Dataset section =
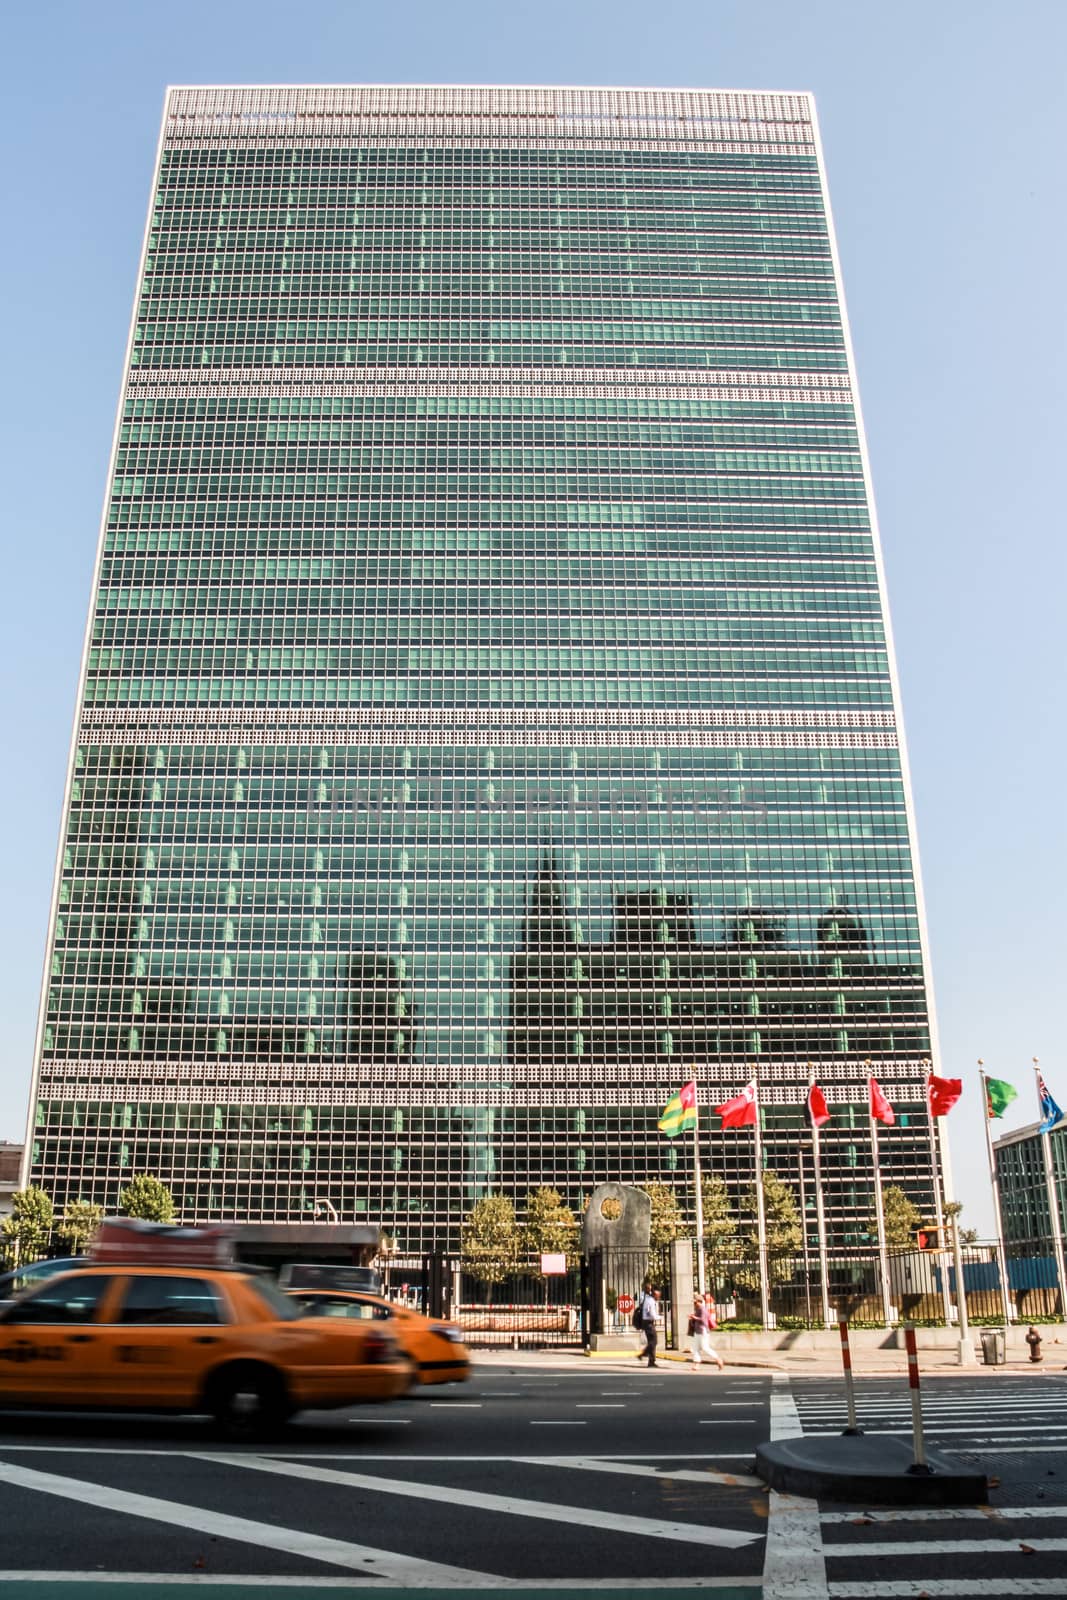 NEW YORK CITY, NEW YORK - SEPTEMBER 4: United Nations Headquarter, in New York City, NY, on September 4, 2013. 
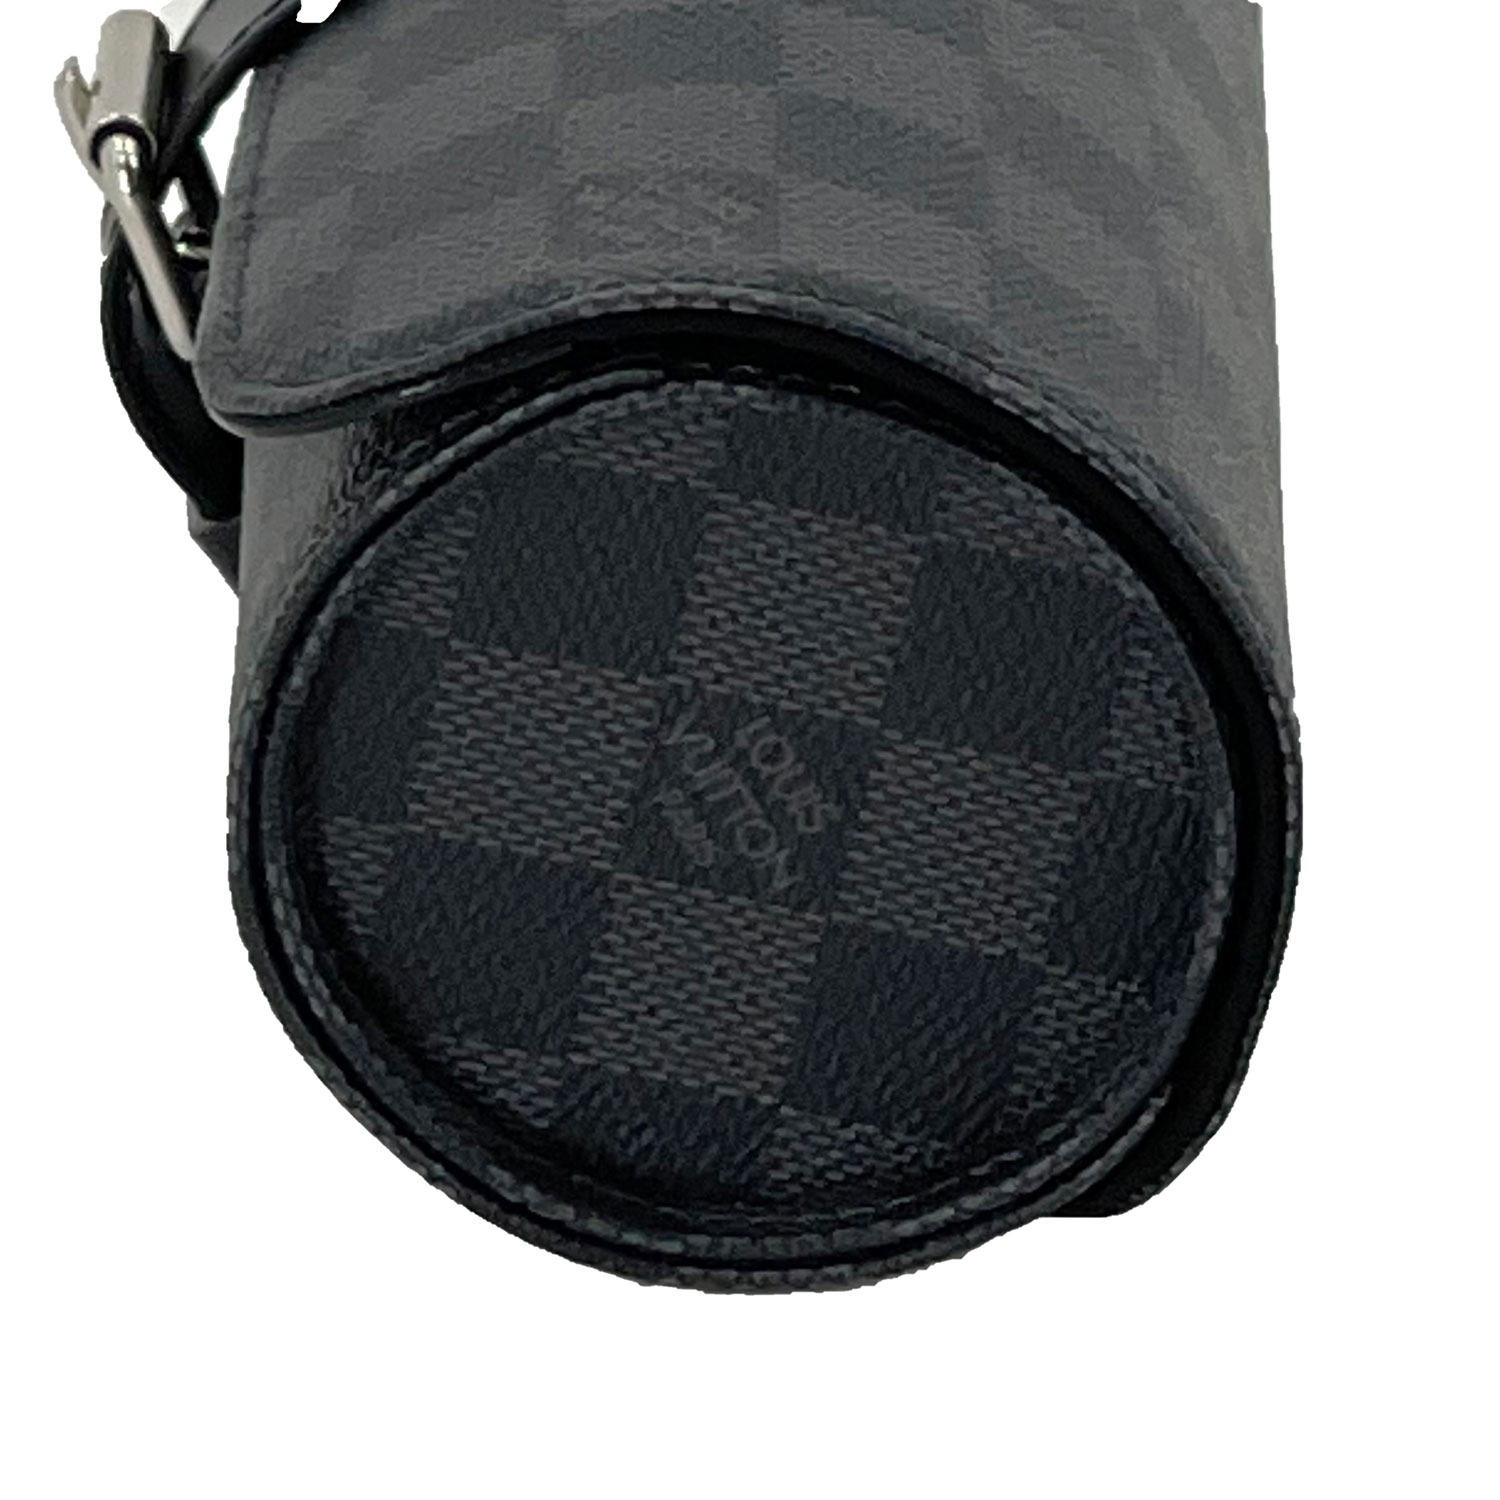 Louis Vuitton Damier Graphite 3 Watch Case - Black Travel
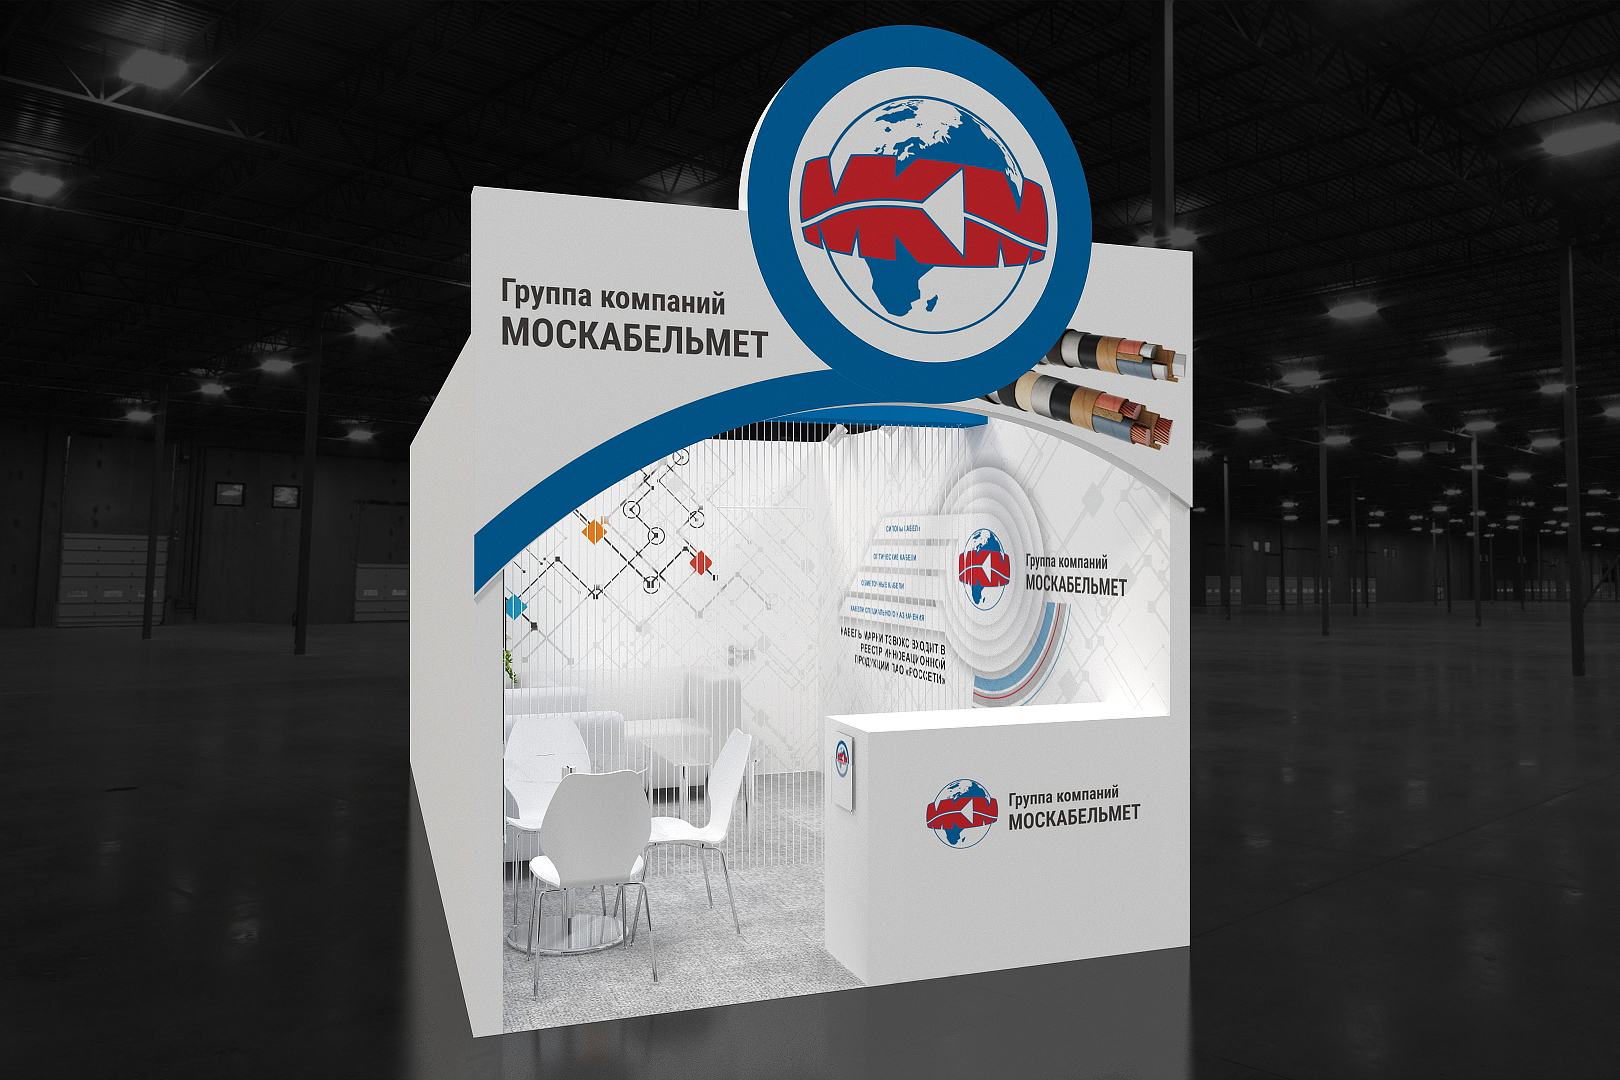 Дизайн-проект выставочного стенда «Москабельмет» для «Электрические сети России» 2019

Goal of the exercise = Set down word for word, from the line that contains "Louis Vuitton Damier" to the end of the listing above, every line and no picture.

Answer to this exercise =
 Louis Vuitton Damier Graphite 3 Watch Case - Black Travel
 Дизайн-проект выставочного стенда «Москабельмет» для «Электрические сети России» 2019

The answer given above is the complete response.